Aos 13 anos, comecei a fazer teatro na escola, com meus amigos. O professor de Português pediu um trabalho em grupo e nós perguntamos se podíamos apresentá-lo em forma teatral. A resposta dele foi... SIM! Sempre penso na importância daquele SIM, de todo SIM e todo NÃO. Escrevemos, ensaiamos e apresentamos a peça. Inicialmente apenas para nossa turma; depois para a escola inteira; depois na biblioteca do bairro, em um posto de saúde, em uma unidade da antiga Febém (hoje Fundação Casa), num ato político realizado no Tuca. Em certo momento, escolhemos um nome para o nosso grupo: UTOPIA!!! Aos poucos, nasceu em nós o desejo de estudar teatro e assumir esse caminho como profissão. Prestamos juntos a Faculdade de Artes Cênicas da USP, com o sonho de sairmos da casa de nossos pais, formarmos uma república e viver de fazer teatro! Por critérios O vestibular não nos ajudou: eu fui aprovado; eles não. Acabaram seguindo outros rumos, ligados à História, Música, Filosofia, Aviação... Nosso grupo se desfez. A utopia... talvez não, porém de diferentes formas na vida de cada um.

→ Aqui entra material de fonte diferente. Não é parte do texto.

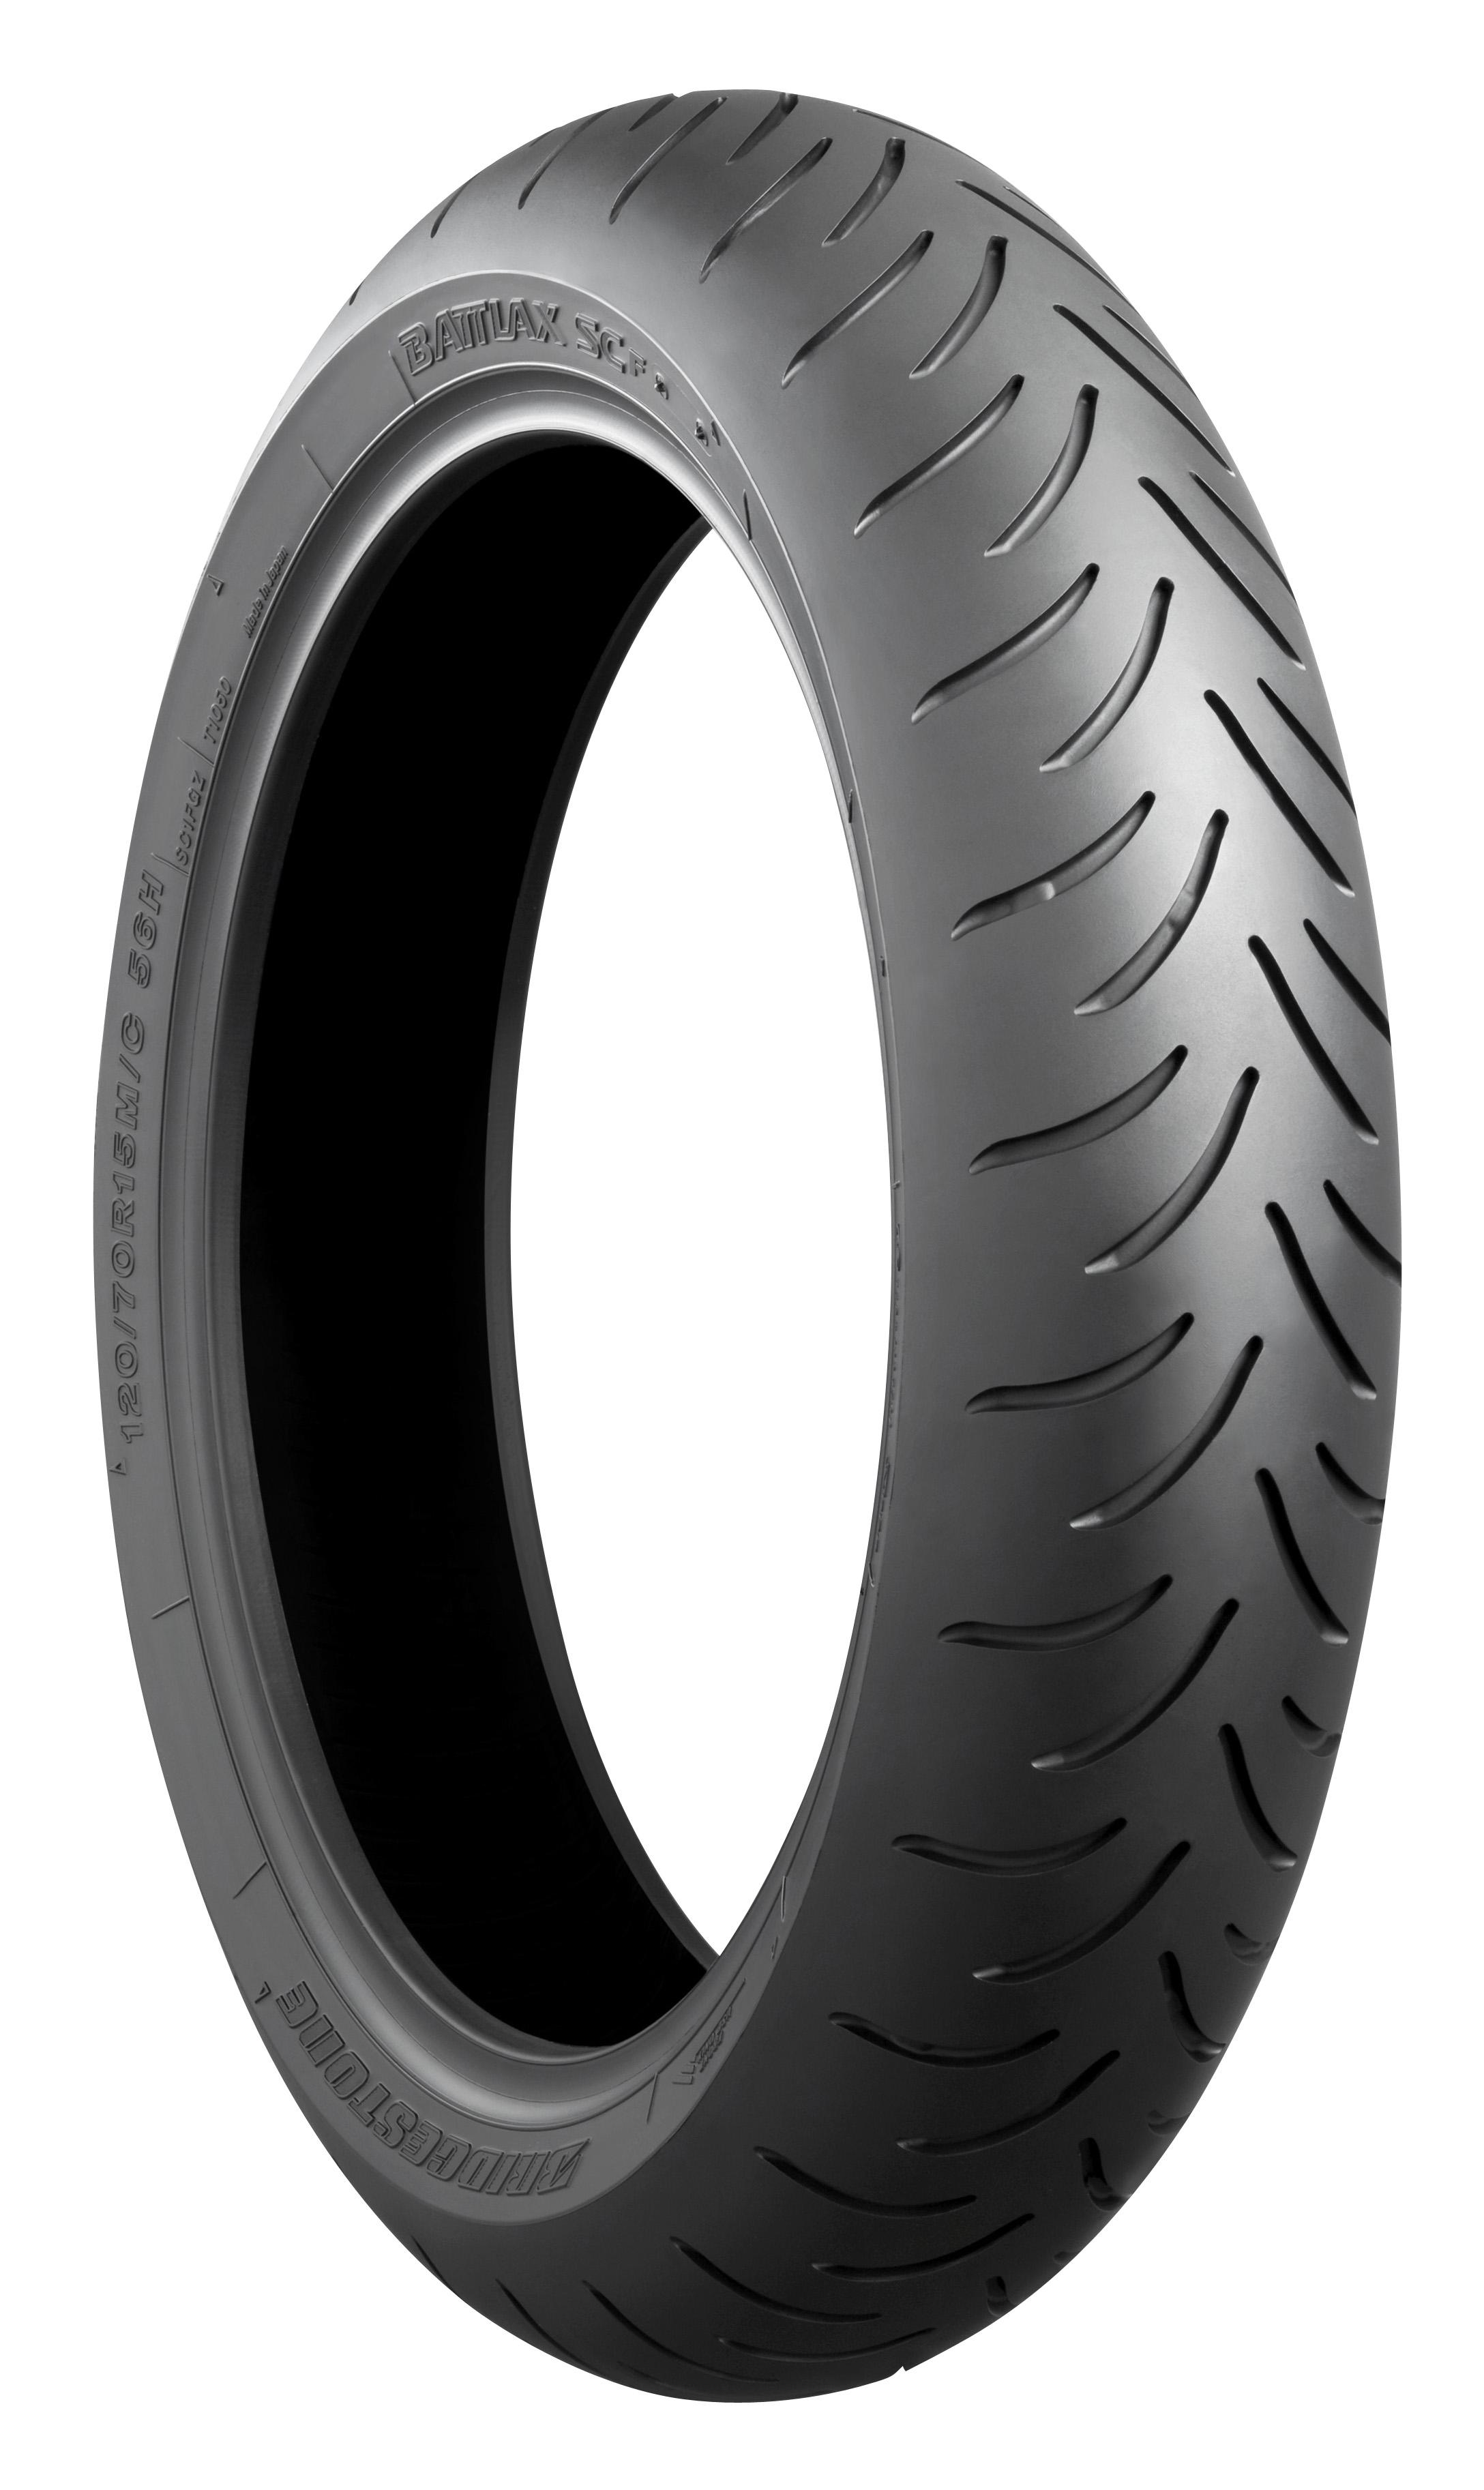 Bridgestone Battlax Scooter SC 80/90-14 (40P) Bias Front Tyre

Durante os cinco anos de faculdade, meu mundo se abriu; meus espaços e itinerários se ampliaram para além do bairro onde eu morava, do que eu conhecia de mim mesmo. Foi um período muito intenso de desabrochar! No que diz respeito ao teatro, o que mais me marcou foram as montagens curriculares e extracurriculares que participei - oportunidades de experimentar, criar com diferentes pessoas, estudar na prática essa relação tão sutil e misteriosa com o público. Duas dessas montagens foram apresentadas no exterior: o espetáculo de rua "A inconveniência de ter coragem", de Ariano Suassuna (18 apresentações em Lisboa, Portugal); e a peça "Em lugar algum", criada a partir do livro "Tempo de despertar", de Oliver Sacks (2 apresentações em Nanterre, França). Nasceu aí a vontade de ser um artista viajante e poder conhecer diferentes lugares de um ponto de vista mais interno, a partir da troca e da interação com as pessoas de cada lugar.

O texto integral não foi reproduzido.